Desejo e acção

Recentemente tive a oportunidade de ver um documentário sobre o artista visual Keith Haring (“O universo de Keith Haring”, com realização de Christina Clausen), no qual é possível admirar o prazer de uma prática compulsiva, imparável, o entusiasmo pela possibilidade de agir perante o mundo, com base numa reflexão permanente sobre o lugar da arte.

É muito interessante perceber que Haring, quando tomou consciência de que teria pouco tempo de vida, decidiu acelerar o processo porque considerava que tinha ainda muitas coisas para criar. E, também, que quando o aconselharam a deixar de intervir no espaço público por isso não contribuir para um sentido de escassez da sua obra, ou seja, não contribuir para a valorizar no mercado, rejeitou completamente a sugestão porque o valor daquilo que fazia residia, em grande parte, no facto de estar disponível em muitos locais, para muita gente. É um bom exemplo de como o sentido do que cada um faz não deve ser modificado por uma lógica extrínseca. A lógica de mercado nada tem que ver com a lógica de criação artística livre. Refiro Keith Haring por me parece um bom exemplo da relação entre o desejo e acção: o seu desejo era criar e a sua acção uma consequência desse desejo.

Com tanto ruído à nossa volta, é complicado por vezes percebermos onde reside ainda o nosso desejo, para que consigamos decidir a acção. Penso que o perigo reside por vezes em interpretarmos como desejo nosso aquilo que, por algum motivo, são expectativas dos outros, seja daqueles que nos são mais próximos, seja de uma ideia difusa que parece andar no ar, uma manifestação média dos anseios comuns.

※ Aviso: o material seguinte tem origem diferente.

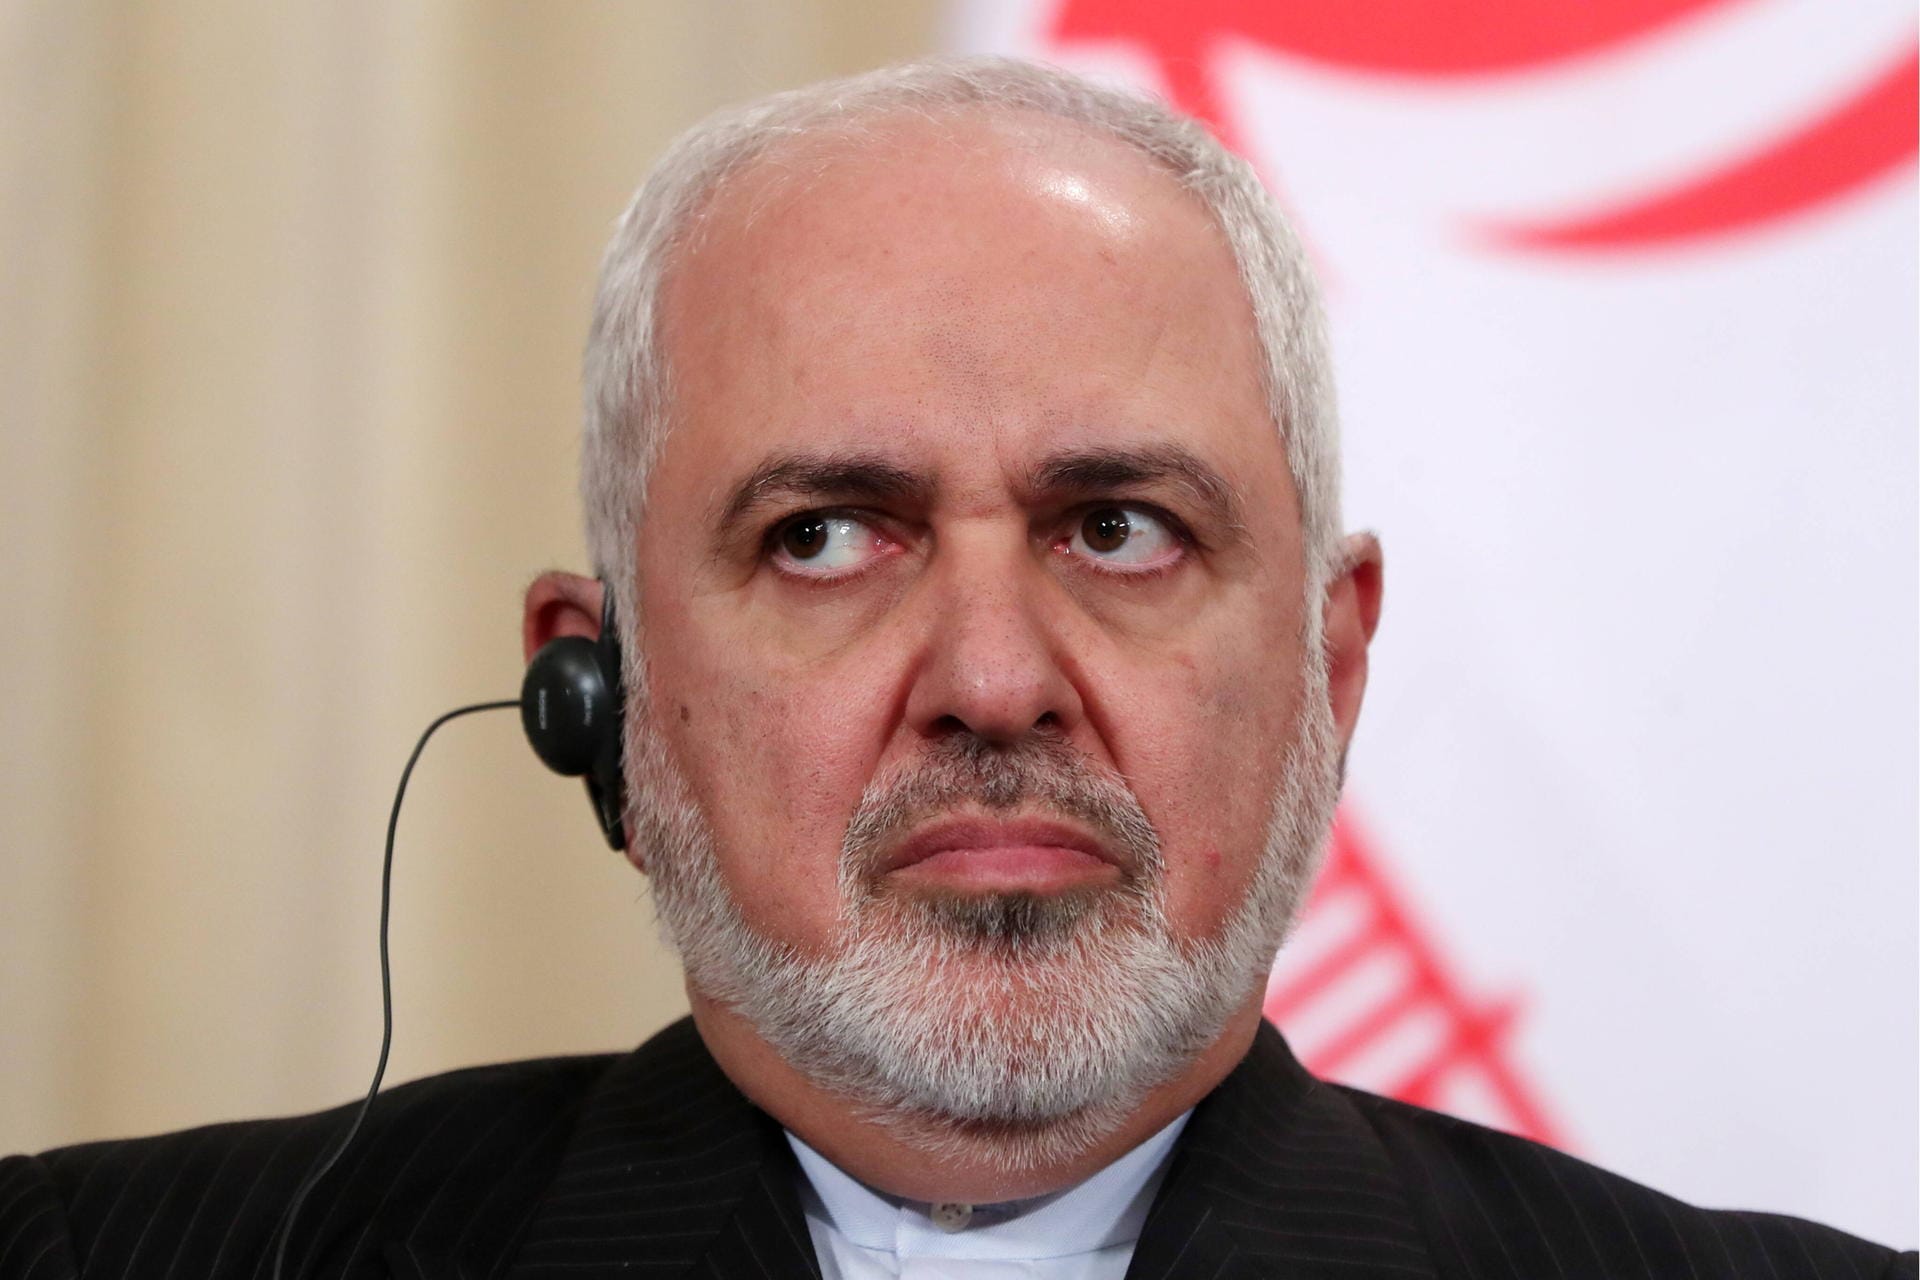 Der iranische Außenminister Mohammed Dschawad Sarif hat den tödlichen US-Raketenangriff auf den iranischen General Kassem Soleimani als "extrem gefährliche" und "dumme Eskalation" bezeichnet. Sarif verurteilte die Tötung des Generals in auf Twitter als "Akt des internationalen Terrorismus".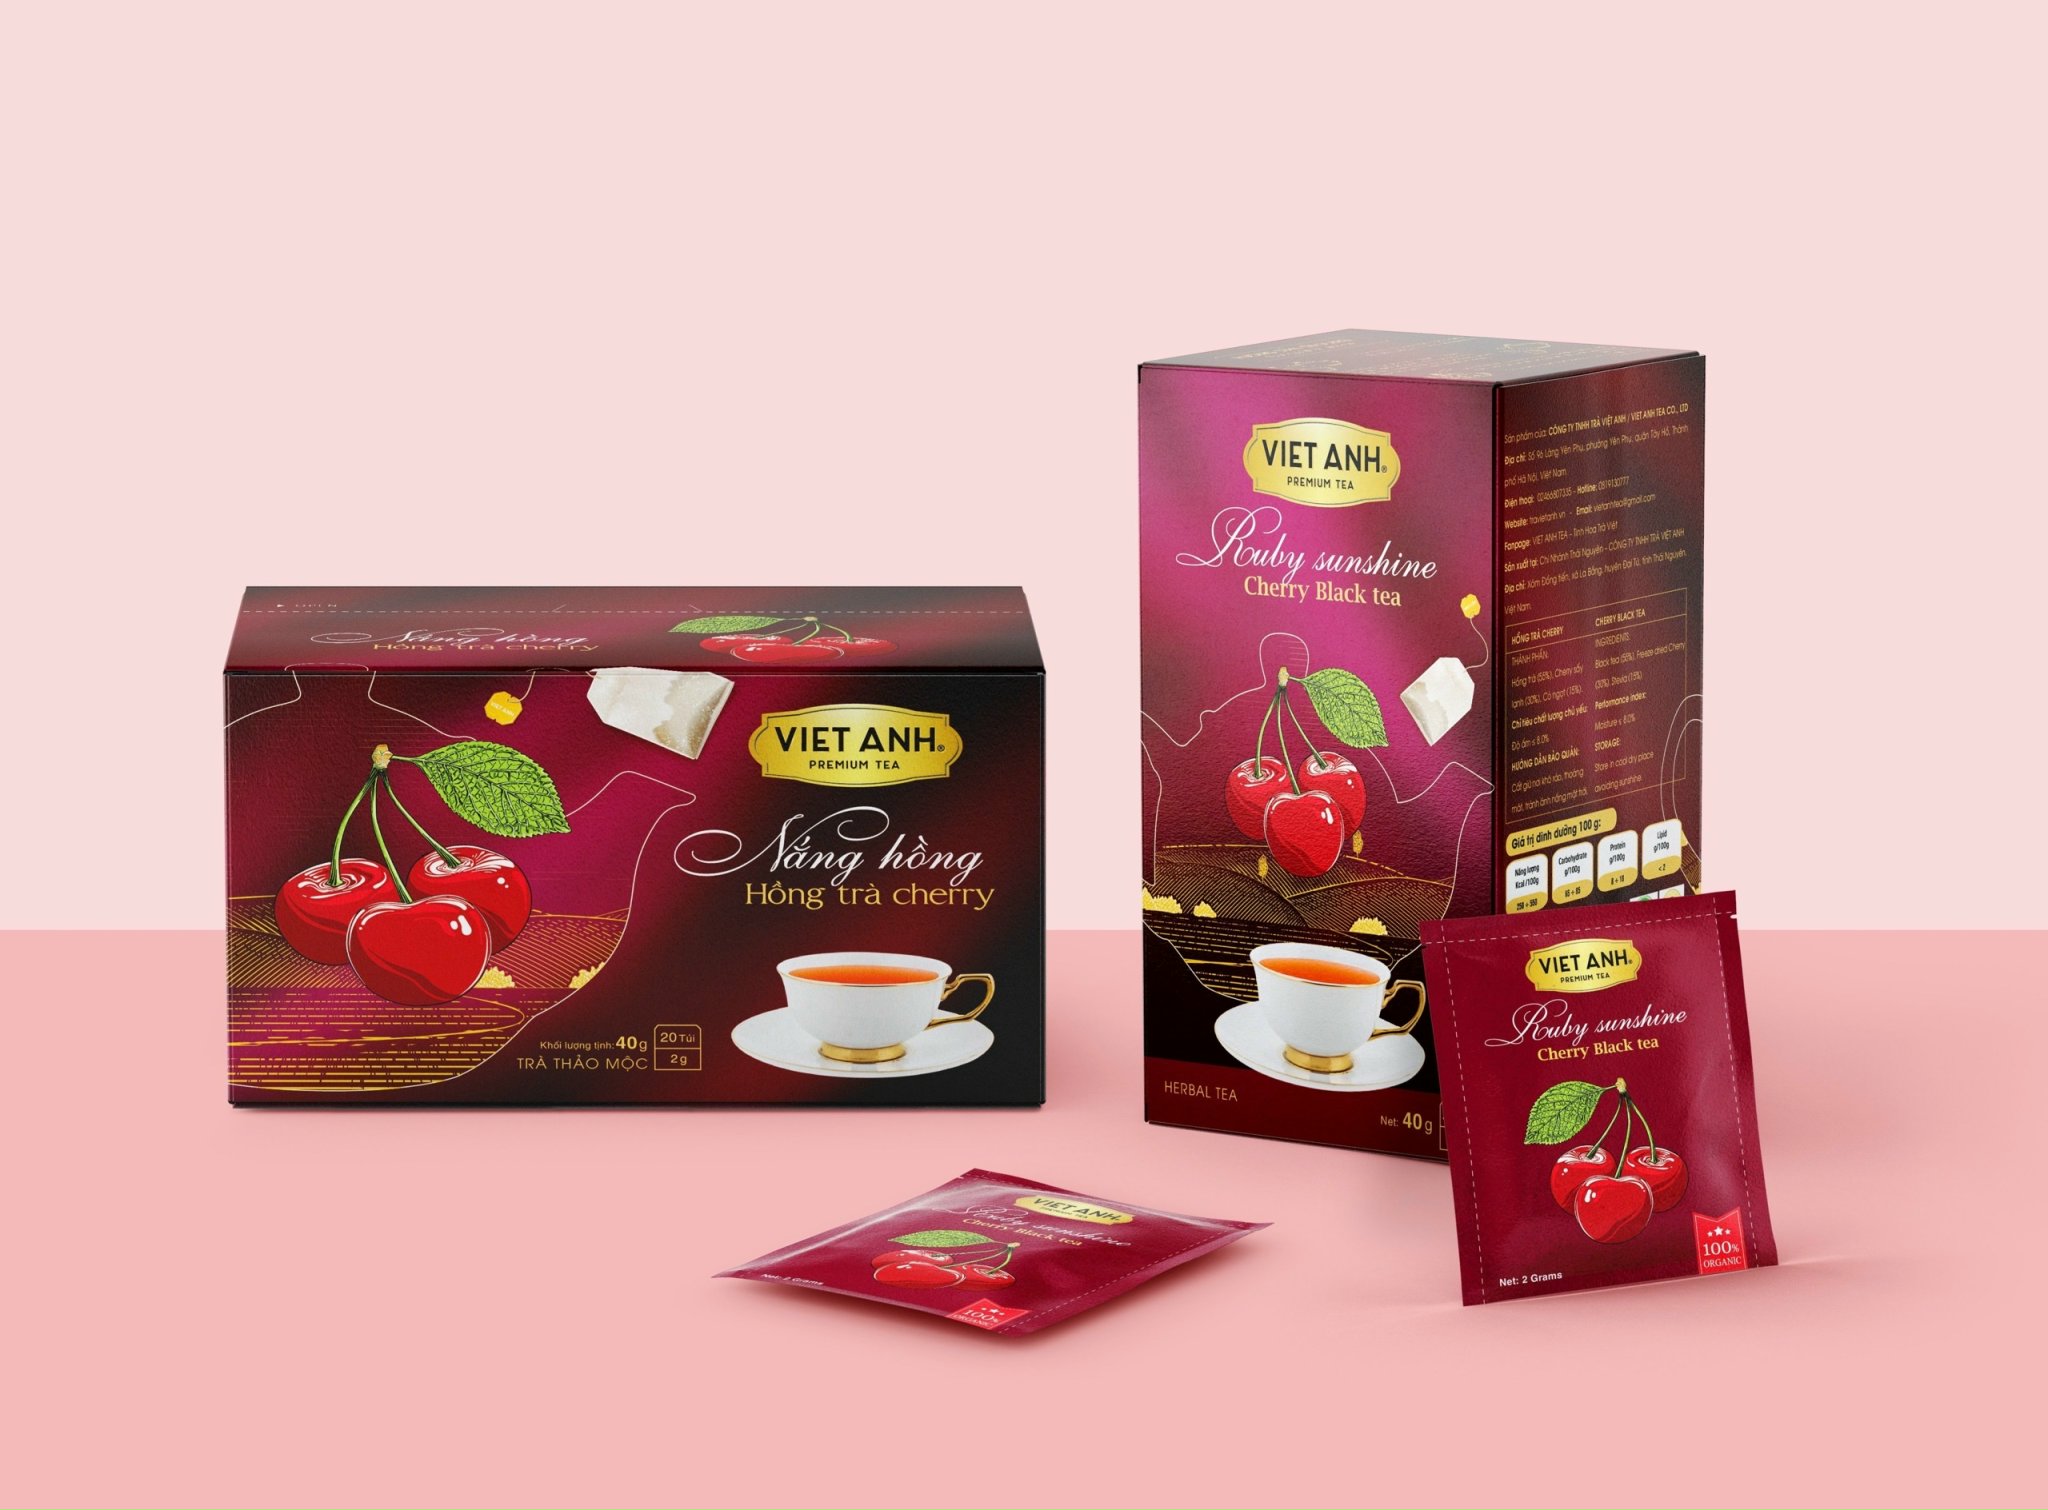 Trà Cherry nắng hồng túi lọc 40g - Trà Việt Anh

O que tento fazer quando tenho dúvidas é perguntar-me o que continuaria a fazer se tivesse recursos ilimitados. E chego à conclusão de que, tirando alguns aspectos menos estimulantes ligados à burocracia e à gestão, o meu tempo seria sempre dedicado à criação artística, à programação cultural, enfim, a fazer ou estar próximo de quem cria alguma coisa. O desejo, que surgiu quando era ainda muito jovem, conduziu a um conjunto de acções; e as acções, quando relacionadas com o desejo, só o fortalecem, conduzindo a mais acções.

Tenho dedicado algum tempo a pensar no percurso da Mascarenhas-Martins, incluindo a sua pré-história, uma vez que em 2025 a nossa Companhia irá comemorar dez anos. Este percurso tem sido a manifestação prática, em forma de acção colectiva, dos desejos que a Maria Mascarenhas e eu partilhamos desde que nos conhecemos em 2010. A primeira conversa longa que tivemos, de que nunca nos esquecemos, foi exactamente a constatação de como esses desejos, não sendo iguais, eram complementares e poderiam dar origem a um conjunto de acções práticas. E assim tem sido, envolvendo imensa gente, mobilizando recursos, tentando que a nossa acção seja um exemplo de fidelidade à força que a colocou em movimento.